Turning Data Into Digital Oil

Turning Data Into Digital Oil

A new form of “secret” computing will allow banks to analyze and monetize data while still encrypted.

Temenos – Company

A new form of “secret” computing will allow banks to analyze and monetize data while still encrypted, protecting its value and remaining compliant with data protection rules, writes Jordan Brandt

Data is the new oil, according to the Economist. The problem is how to extract and trade it without diminishing its value or comprising privacy and security.

Unlike oil, it can be copied and shared, which undermines its scarcity value. This is a source of huge frustration for banks, which have come to regard customer data as a valuable asset. If they sell the data itself, they are diminishing its value. But that is not their only problem.

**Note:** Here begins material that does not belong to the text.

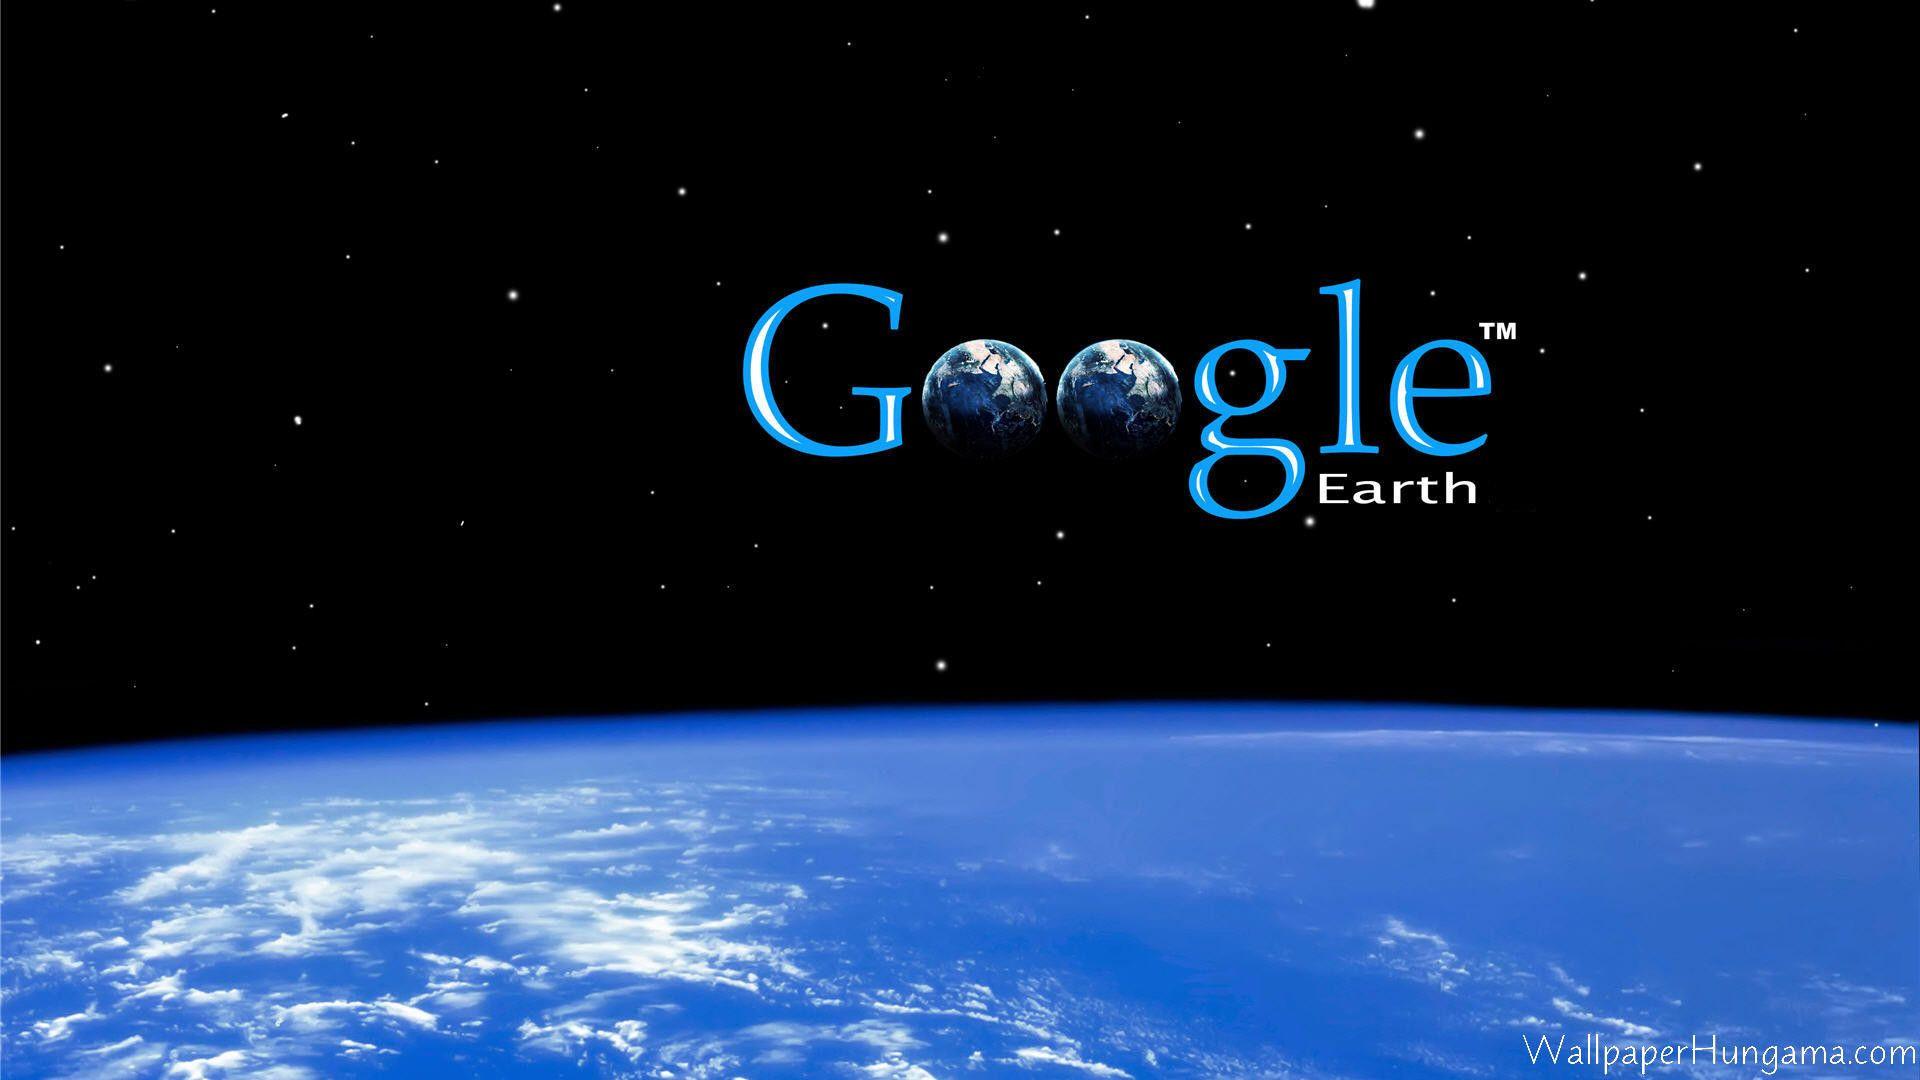 Google Earth Logo - How To Install Google Earth In Ubuntu 15.04 64 Bit On Ubuntu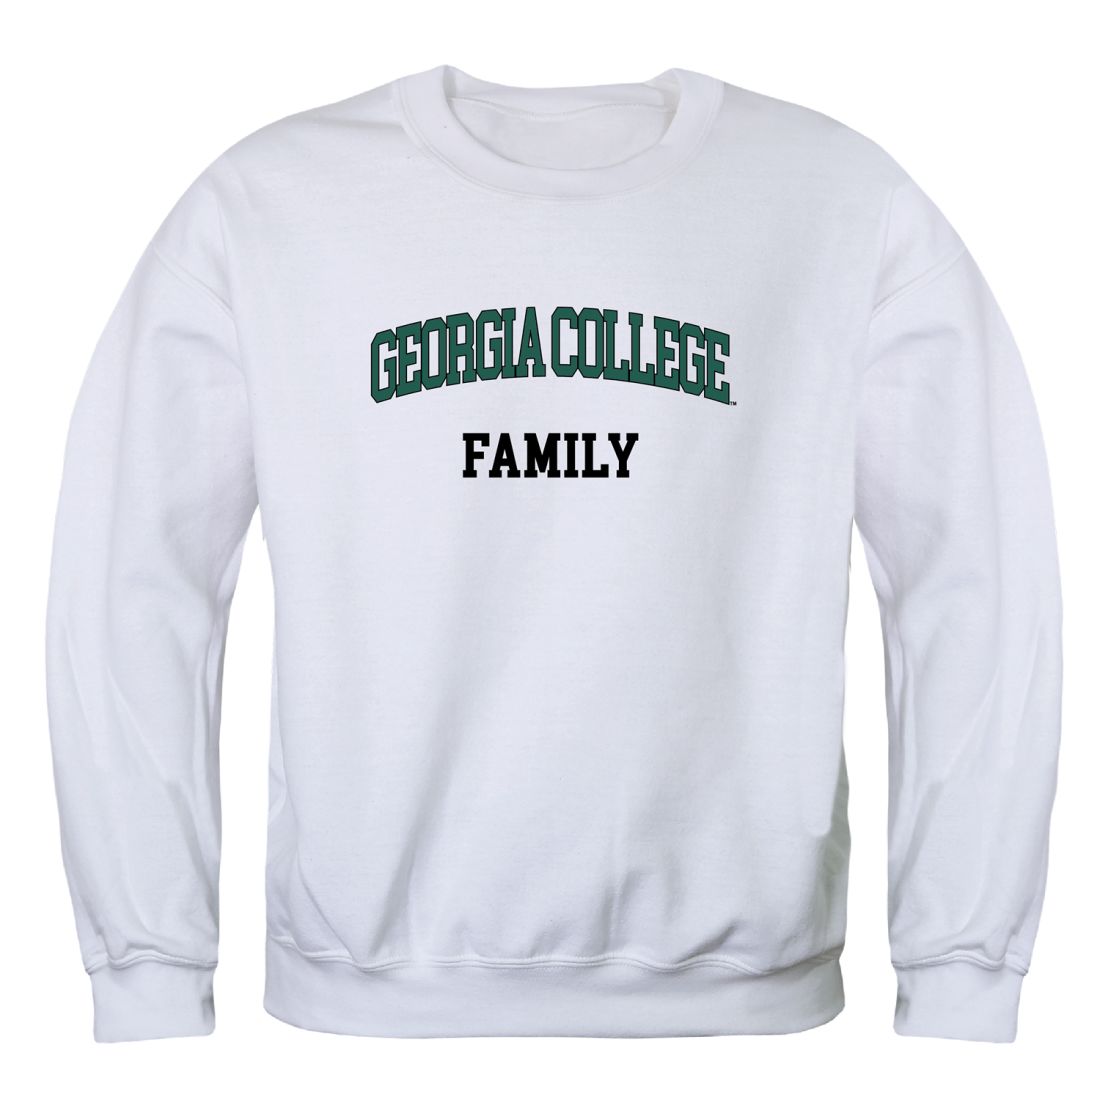 Georgia-College-and-State-University-Bobcats-Family-Fleece-Crewneck-Pullover-Sweatshirt

Strict global and sovereign regulations protect customer data from exploitation and misuse, including fraud. As a result, it is illegal in many jurisdictions to export customer data. This makes it harder – and more expensive – for banks to aggregate and analyze data sets across regions or feed it into machine learning programs to build credit risk profiles, fight fraud or combat money laundering. Banks are stuck with having to run multiple models on individual data sets within each region or anonymize data for export.

The first option results in smaller data sets, which limits their usefulness and delivers poorer predictions. The second option fails to deliver the full value of the data. Here’s why.

Problems with anonymization

One problem is that anonymization is neither secure nor private. It’s been proven time and again – not least when a customer sued Netflix after her data became public – that it is possible to identify individuals by matching anonymized data with information already in the public domain, such as Facebook and LinkedIn profiles. As a result, some countries (including the UK) have recently amended the law to make it illegal to re-identify anonymized data.

Another snag is that anonymization removes features that are highly valuable to machine learning, such as gender, age and income. This makes it harder for banks to train machines to do specific tasks. What’s more, companies such as Google, Apple and Uber have found that there is a trade-off between accuracy and privacy when they use differential privacy to anonymize data.

Differential privacy introduces “noise” into statistical data so that individuals cannot be identified. While great for looking at trends – the length of the average Uber ride in London in August, for example – it sacrifices accuracy as a result of the noise. Differential privacy is also poor at identifying outliers, which are highly valuable in financial analysis.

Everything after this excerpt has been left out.